Calling someone a fast learner implies that the ability to acquire a skill or information is a given trait, says Delta columnist Boudewijn de Roode.

‘It’s never too late to learn’. I know for a fact that this does not mean that unwrapping your textbook for the first time a week before the exam is not too late, because it is. You’re better off barely following the curriculum than thinking you’re able to do it at the eleventh hour.


When thinking of a fast learner, what comes to mind is that girl in class who got good grades while seeming to barely work any harder than the rest. But calling someone a fast learner is actually selling them and, by extension, yourself short. Because it implies that the ability to acquire a skill or information is simply a given trait, so there is no credit in having it nor reason in pursuing it. Outside the fact that aptitude for specific skills is to some degree inherited, the ability to learn is one that applies to all skills and should be honed by definition.


Make more mistakes, practice makes perfect


Entire books have been written on training and using your memory efficiently. The endless waxing on and off may teach you a certain karate move, but learning in general goes beyond this. Have you ever lain in bed and had a revelation about a subject you read hours ago?

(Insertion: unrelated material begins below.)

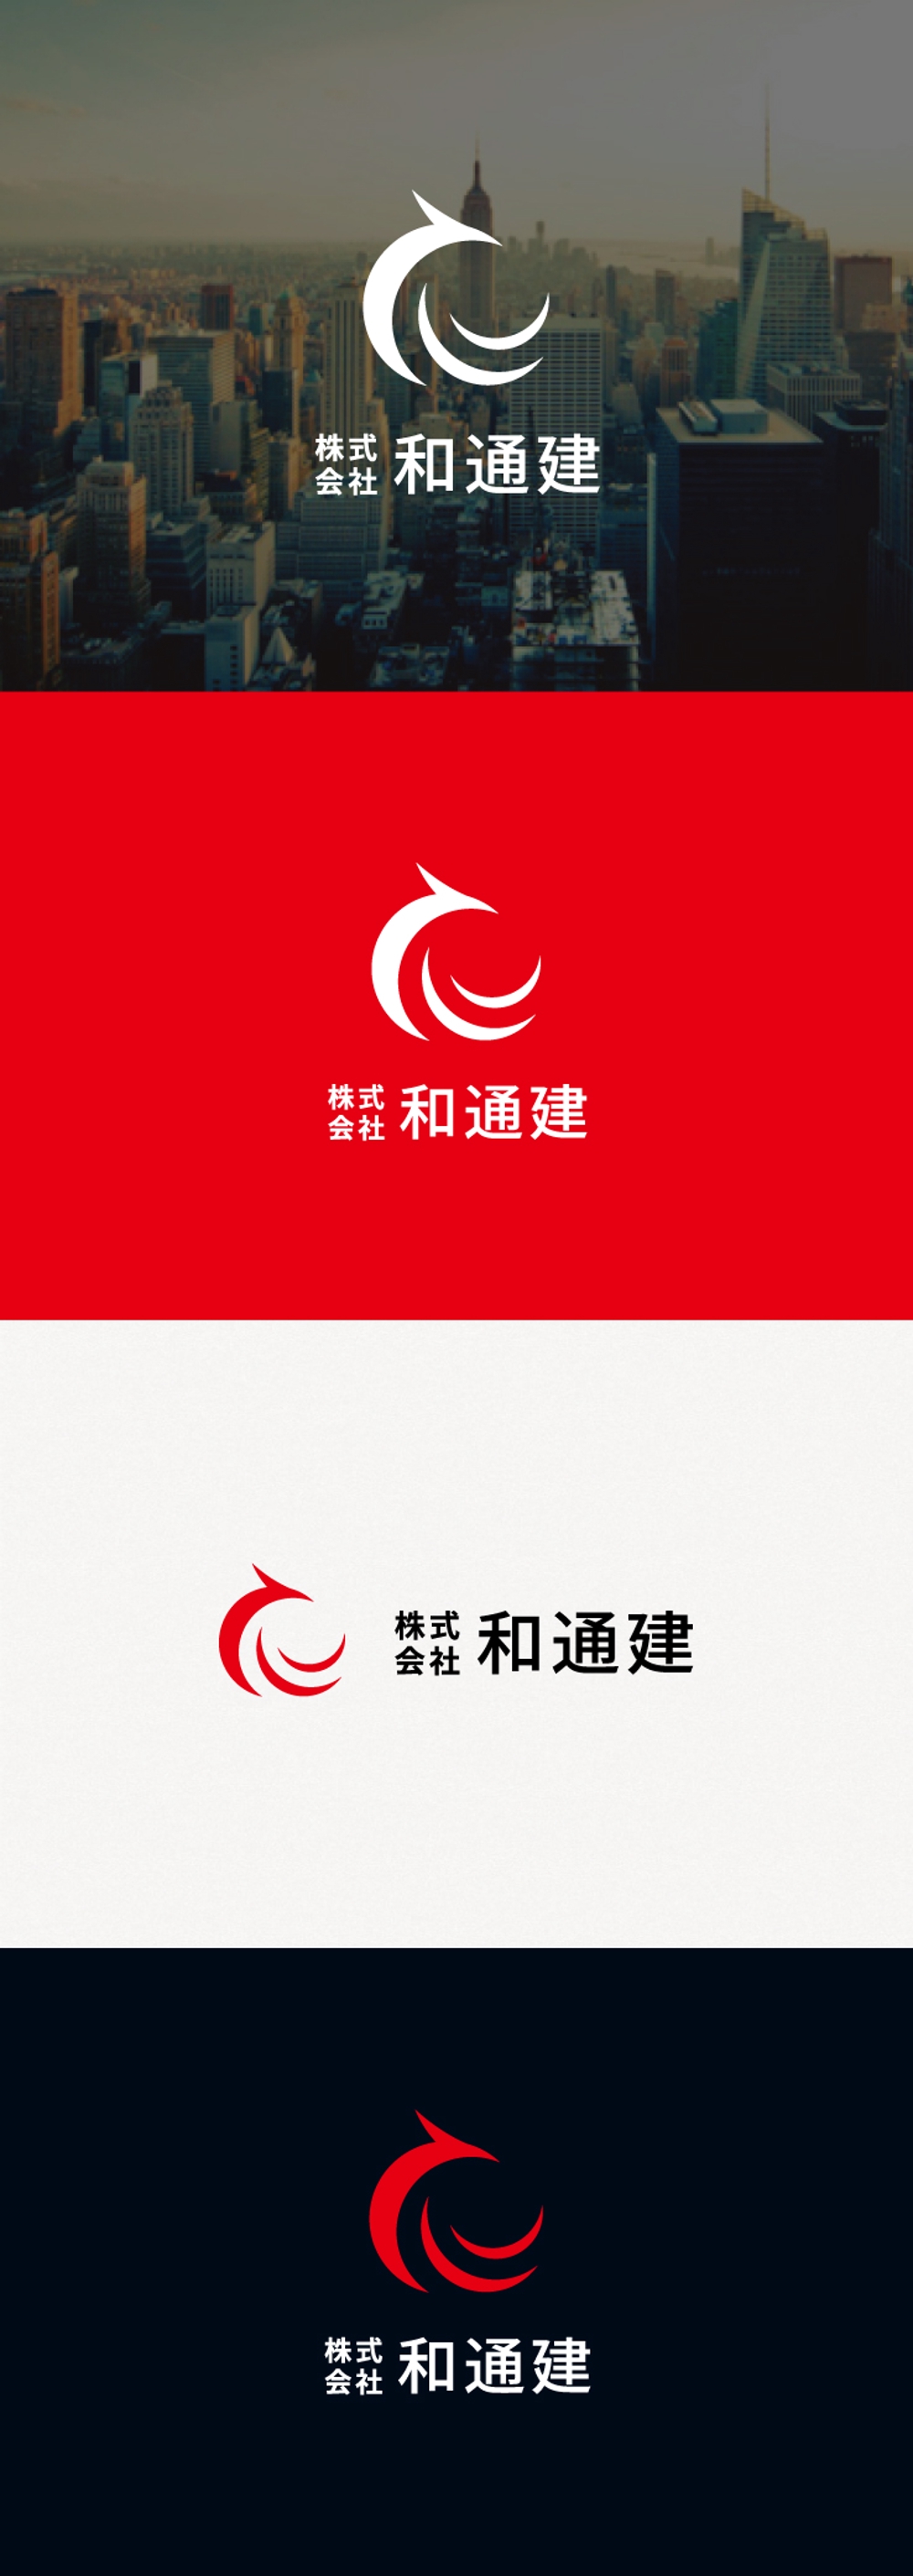 電気通信会社のロゴ

This is actually typical. Apparently the brain works on two levels. It consciously acquires new information, but it ‘connects the dots’ in the subconscious.This is also why it’s ineffective to endlessly stare at a problem you’re stuck on. You have more chance solving the problem by not trying to.

So that girl in class actually did learn much more with little effort. Finally, open your mind to how your brain works. It took me years to figure out how to work with mine and it still feels like I have a long way to go. I am a massive scatterbrain and have a very short attention span. As a result, I now meticulously note what I have to do, cross out what is done and take note how I did it.

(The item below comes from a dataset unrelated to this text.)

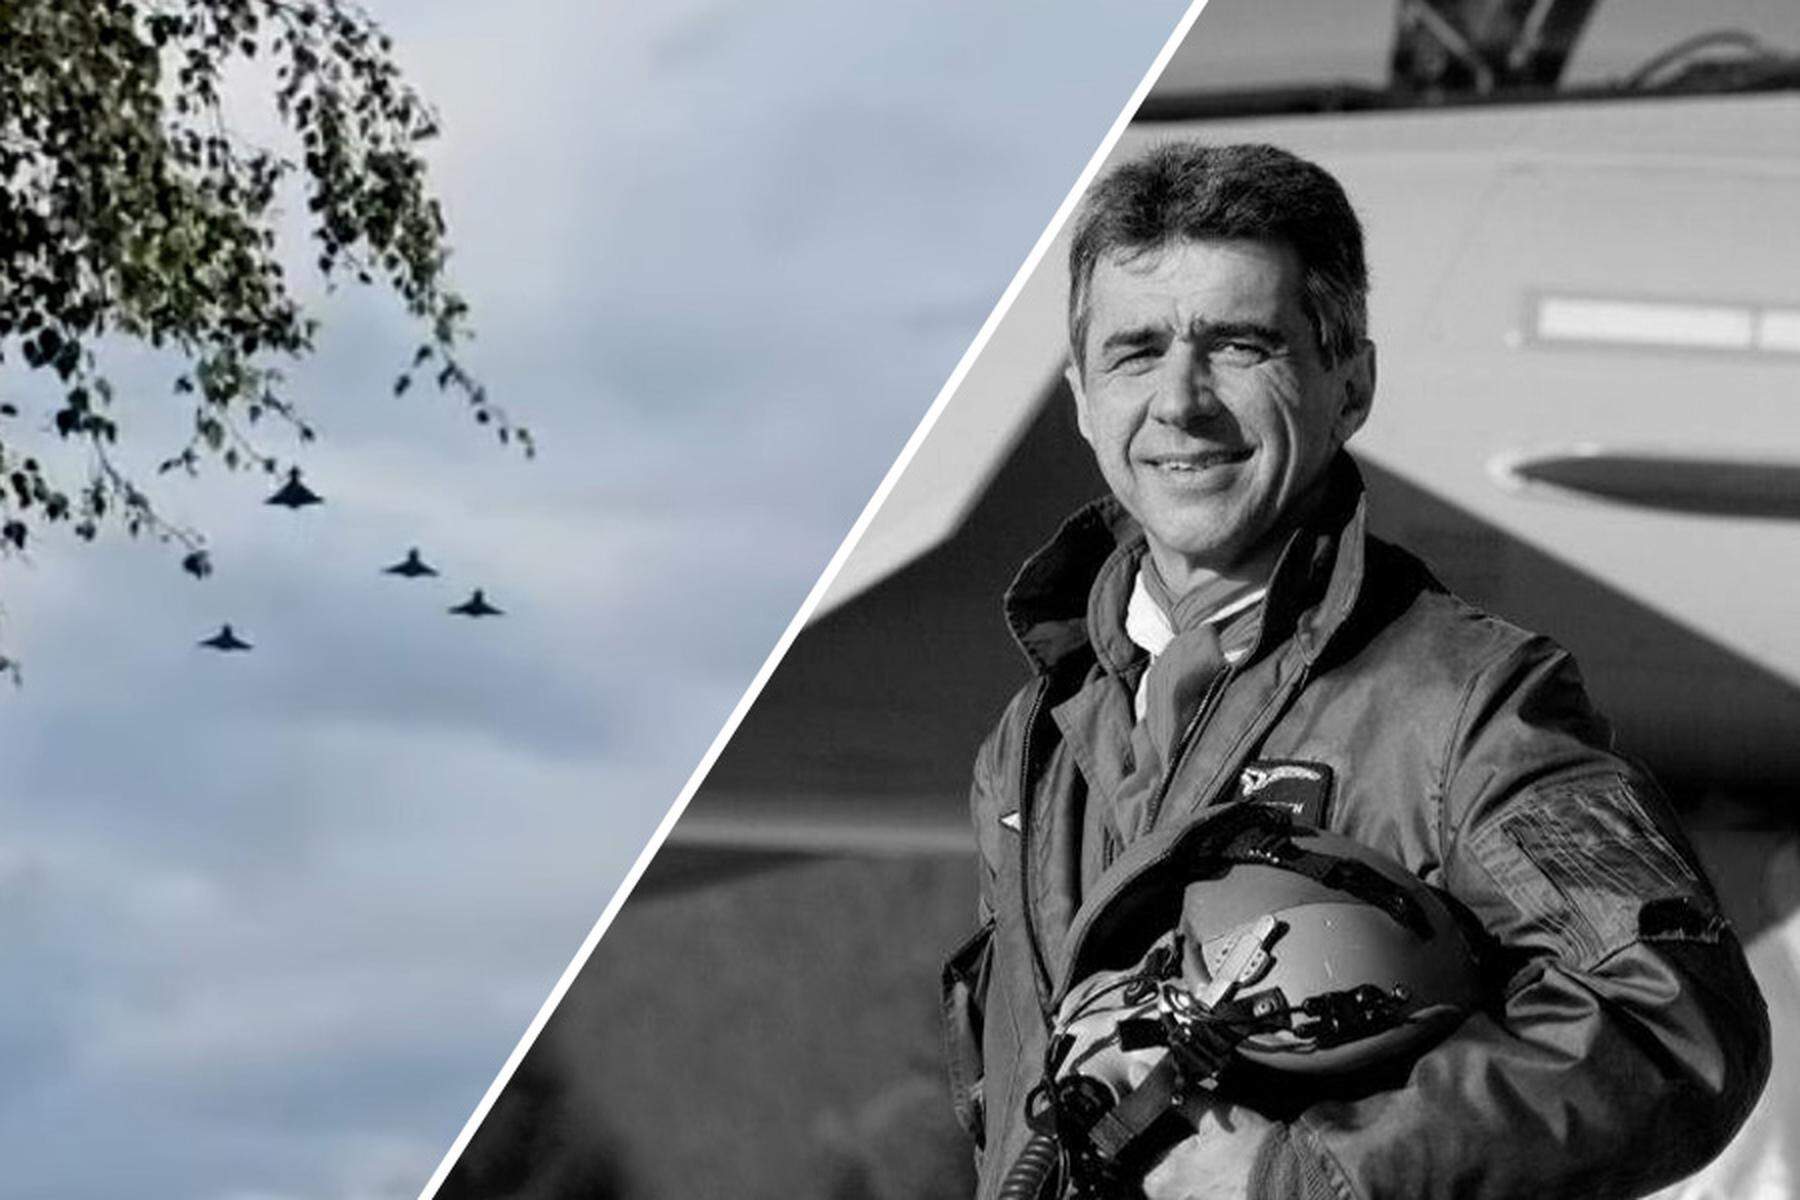 Vier Eurofighter flogen zum Abschied über das Grab von Doro Kowatsch

Only recently did I realise that I actually learn like a toddler: I have to be told something several times. I could read twice not to put my fingers in a wall outlet, but until the current actually flows through my nerves the message simply won’t get through. In the end it comes down to consciously undergoing what life throws at you. Make more mistakes, practice makes perfect.


Boudewijn de Roode was bachelor student mechanical engineering and is currently working as a project engineer.